Baker is regarded as a great pioneer of the sport, racing at a time when the sport was establishing itself around the world but especially in the United States. Baker was renowned as an athlete who would dominate all opposition over any distance and equally was known for her principled and outspoken stand on all manner of issues – from the sporting to political.

Originally coached by John Hellemans, Baker became self-coached as she continued always to push the boundaries of the sport, winning an ITU World Championship in 1989 and going on to win the Kona Ironman World Championship on two occasions (1987, 1990) and finishing runner-up on a further three occasions. Baker also won the World Duathlon Championships in 1991.

Baker won (along with Rick Wells in the men’s) the demonstration event Triathlon at the 1990 Auckland Commonwealth Games and ended her career with an incredible 104 wins from 121 triathlons entered, across all distances and in all parts of the world.

Baker was named “Triathlete of the decade” by American magazine Triathlete. The magazine commented on her success by saying, “We’ve stopped trying to figure Erin out, we just accept her as the best female triathlete that ever lived.”

Baker was recognized in the 1993 New Year Honours, made a Member of the Order of the British Empire for services as a triathlete.

Triathlon New Zealand President Garry Boon says Baker was a star that inspired thousands and helped pave the way for the sport.

“Triathlon in New Zealand has a proud and decorated history with contributions from many people in different areas. Few though can match the record that Erin fashioned in the sport across all distances and events, she was simply a fierce competitor with an amazing ability to swim bike and run like no one else then and perhaps since.

“It is thanks to people like Erin that the sport has evolved to the point it has today, globally and here in New Zealand.

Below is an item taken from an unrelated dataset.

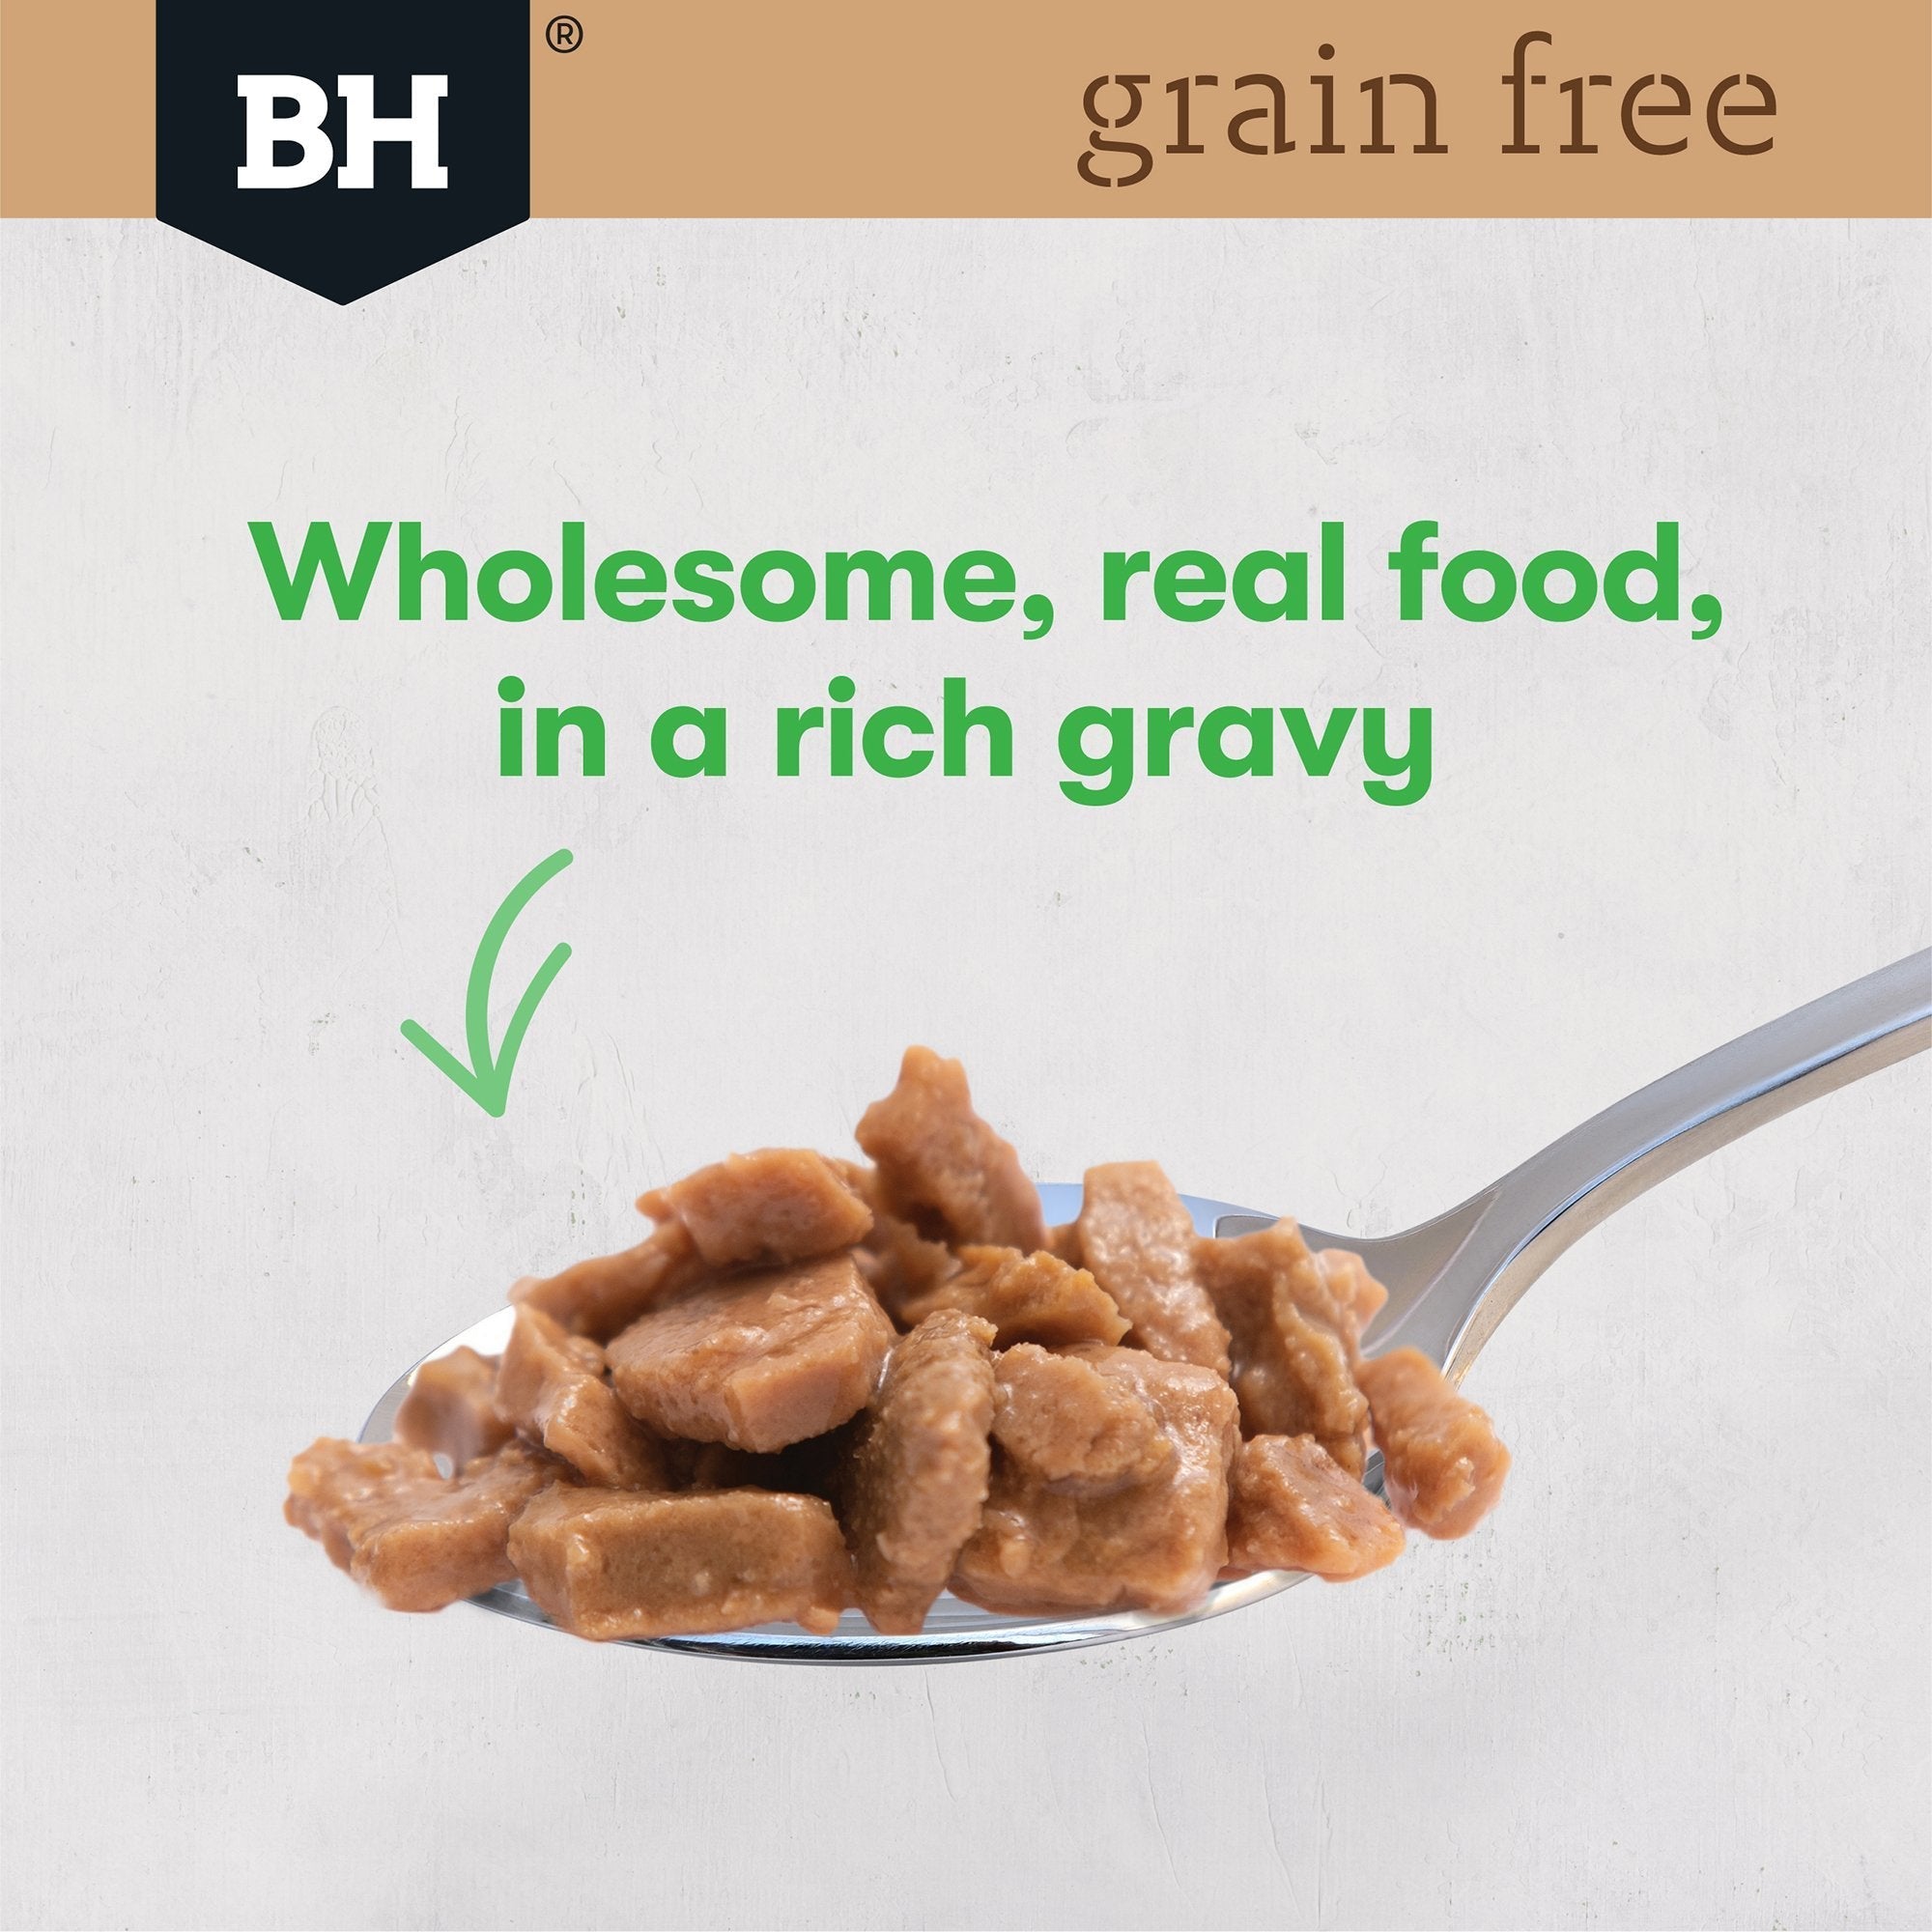 Black Hawk Grain Free Kitten Chicken With Peas Broth And Gravy Wet Cat Food Pouches 85G

On behalf of the entire triathlon and sporting community here in New Zealand I extend my congratulations to Erin on her induction into the Hall of Fame, an honour richly deserved.”

Here is the release from the ITU:

Edmonton, Canada (31 August 2014) – As a part of its 25th year anniversary celebrations, the International Triathlon Union (ITU) today inducted seven individuals into its inaugural Hall of Fame on the penultimate evening of the 2014 TransCanada Corp. Grand Final Edmonton.

“It is a great privilege to induct these nominees into the first Hall of Fame,” said ITU President and IOC Member Marisol Casado. “They set a standard of excellence from the very beginning that was crucial to the development of both triathlon and ITU. Without them, we would not enjoy the global level of exposure and Olympic standard of competition that we have today.”

Following a day of elite racing in which two World Champions were named, the below were inducted into the Hall of Fame:

Elite Women
Erin Baker (NZL) – ITU World Champion (1989), 3 x ITU World Cup wins
Karen Smyers (USA) – 2 x ITU World Champion (1990, 1995), ITU Long Distance World Champion (1996), 7 ITU World Cup wins, ITU World Cup Series winner (1991)
Emma Carney (AUS) –2 x ITU World Champion (1994, 1997), 19 ITU World Cup wins, 3 x ITU World Cup Series winner (1995, 1996, 1997)

Elite Men
Mark Allen (USA) – First ITU World Champion, Multiple ITU Long Distance and World Cup winner
Simon Lessing (GBR) – 4 x ITU World Champion (1992, 1995, 1996, 1998), Long-Distance Triathlon World Champion (1995), 7 x ITU World Cup wins, Olympian
Greg Welch (AUS) –ITU World Champion (1990). ITU World Cup Series winner (1991), ITU Duathlon World Champion (1993), ITU World Long Distance Champion (1996)
Lifetime Achievement
Les McDonald (CAN) – ITU President (1989-2008), Triathlon Canada President (1984-1996),
Largely credited with adding triathlon to the Olympic Games.

The inductees were narrowed down from a shortlist of 25 individuals in the categories of elite female and male athlete accomplishments, as well as lifetime achievements. Those nominated for the men’s and women’s categories were selected based on the criteria that each has a championship title in one or more ITU World Championships, Olympic Games, Paralympic Games, World Cup Series, and/or ITU World Rankings.

Lifetime Achievement Nominees were selected based on their extraordinary, long-term contributions off the field of play or through an exceptional contribution to ITU and the sport of triathlon.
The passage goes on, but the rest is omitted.